Task statement: Transcribe the listing verbatim. Do not carry over any pictures.

Dataset section:
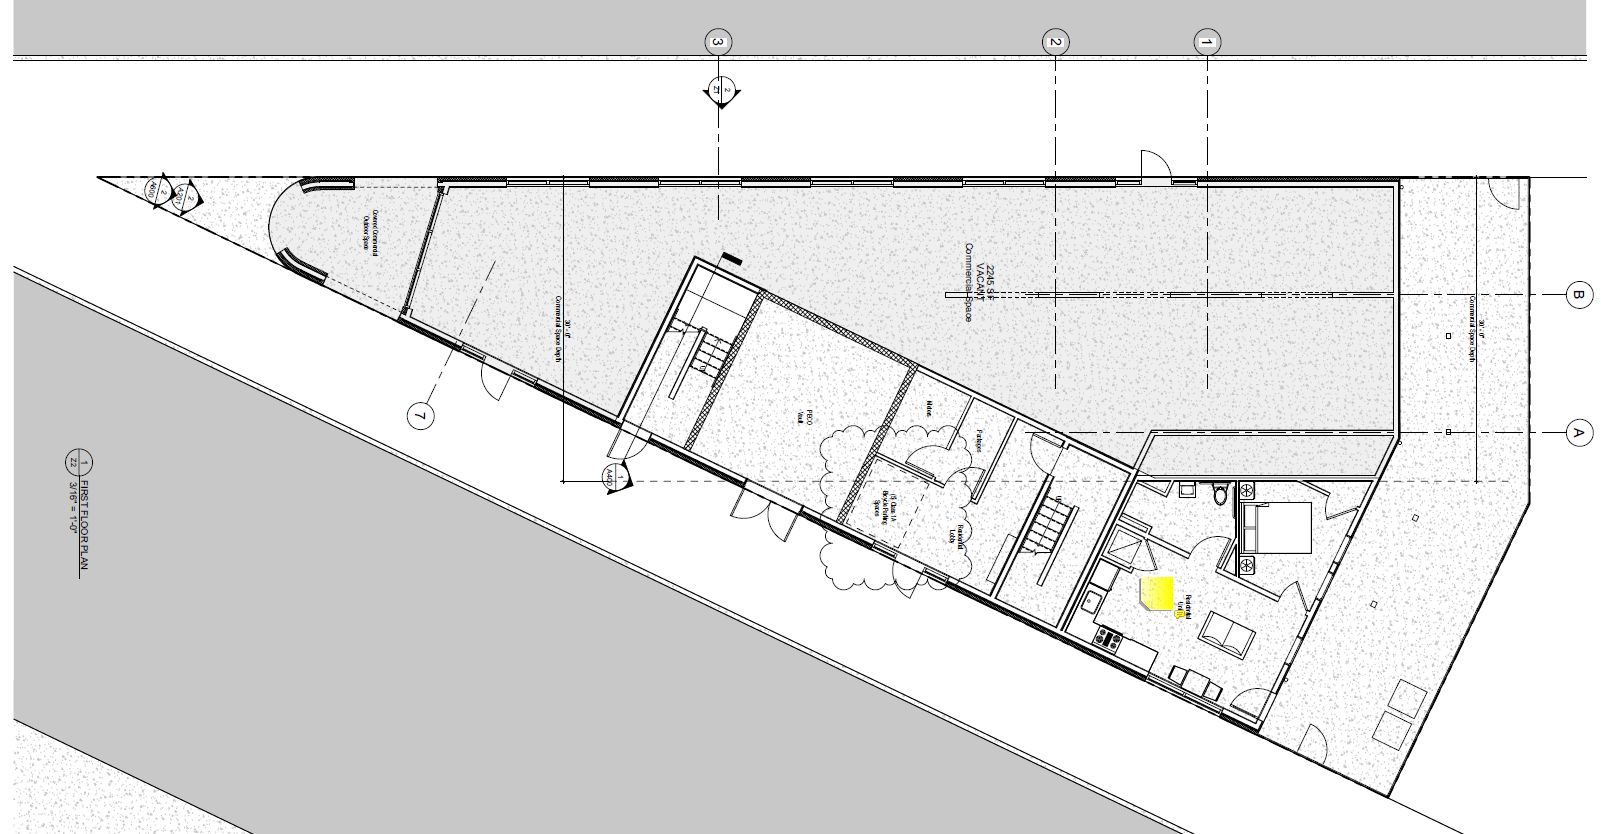 2401 Frankford Avenue. Ground floor plan. Credit: Ambit Architecture via the City of Philadelphia
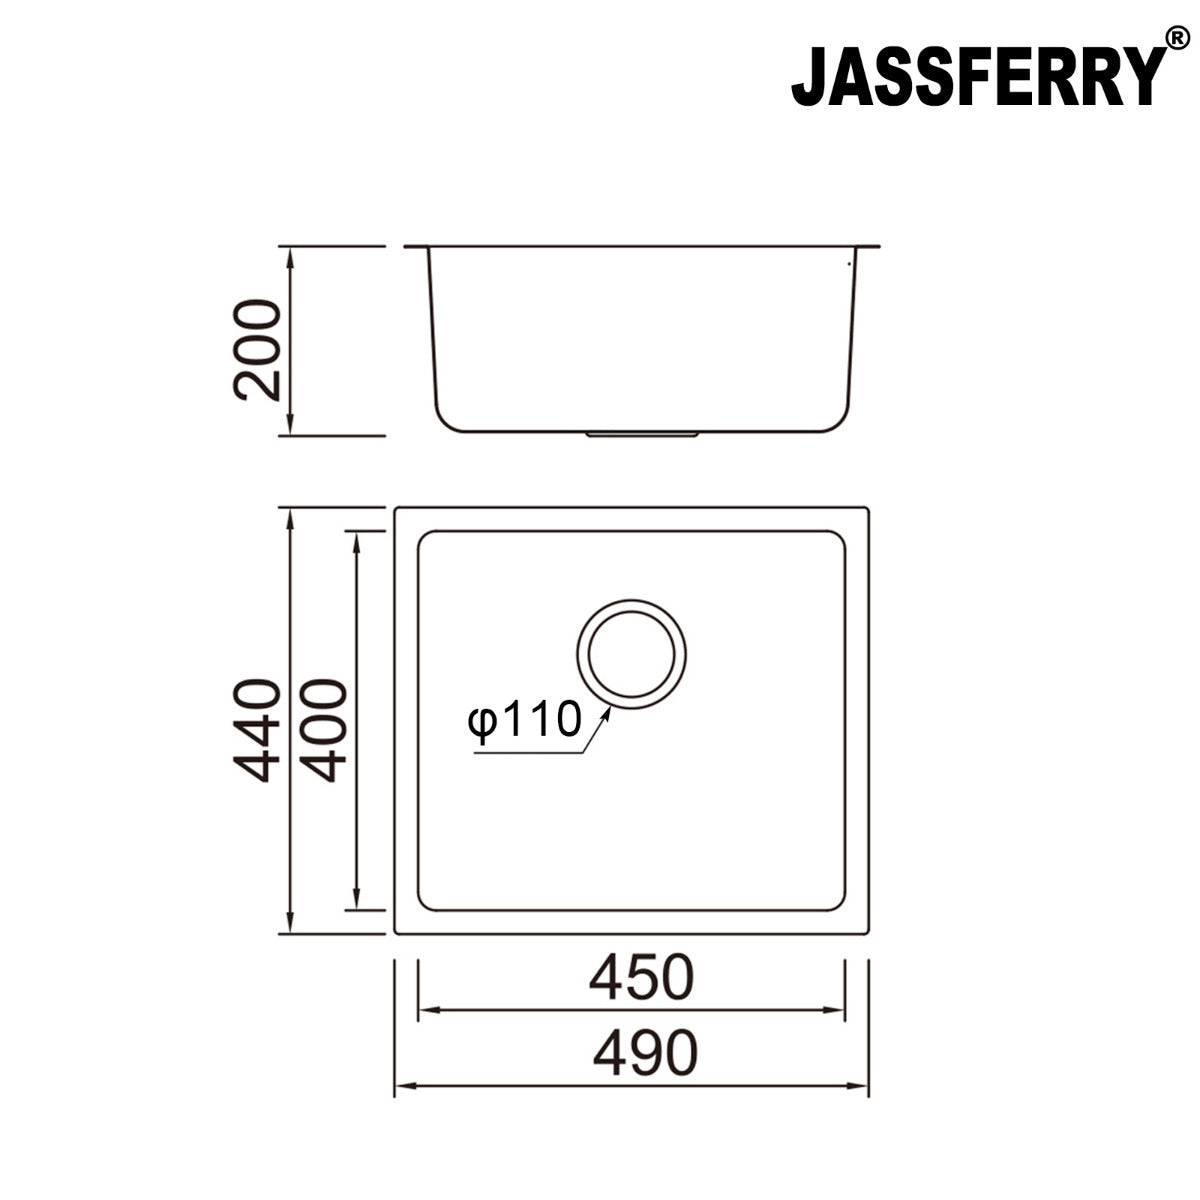 JassferryJASSFERRY Undermount Stainless Steel Kitchen Sink Deep Single One Bowl - 794Kitchen Sinks
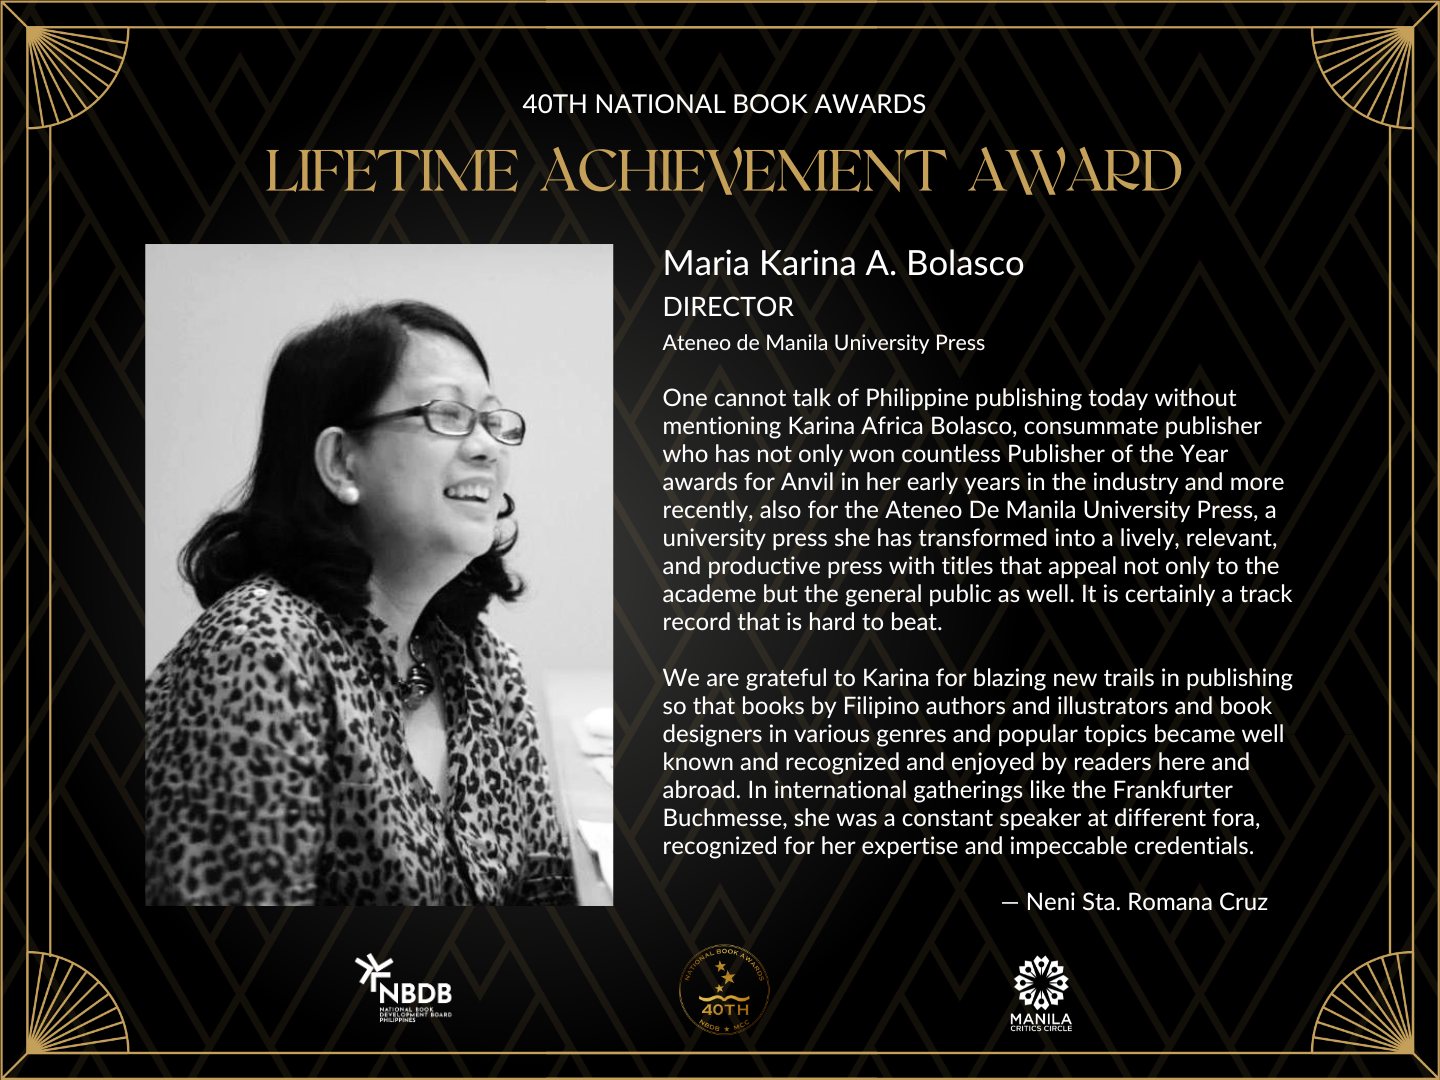 Citation from the National Book Development Board for Maria Karina Bolasco’s Lifetime Achievement Award

Final answer:
 2401 Frankford Avenue. Ground floor plan. Credit: Ambit Architecture via the City of Philadelphia
 JassferryJASSFERRY Undermount Stainless Steel Kitchen Sink Deep Single One Bowl - 794Kitchen Sinks
 Citation from the National Book Development Board for Maria Karina Bolasco’s Lifetime Achievement Award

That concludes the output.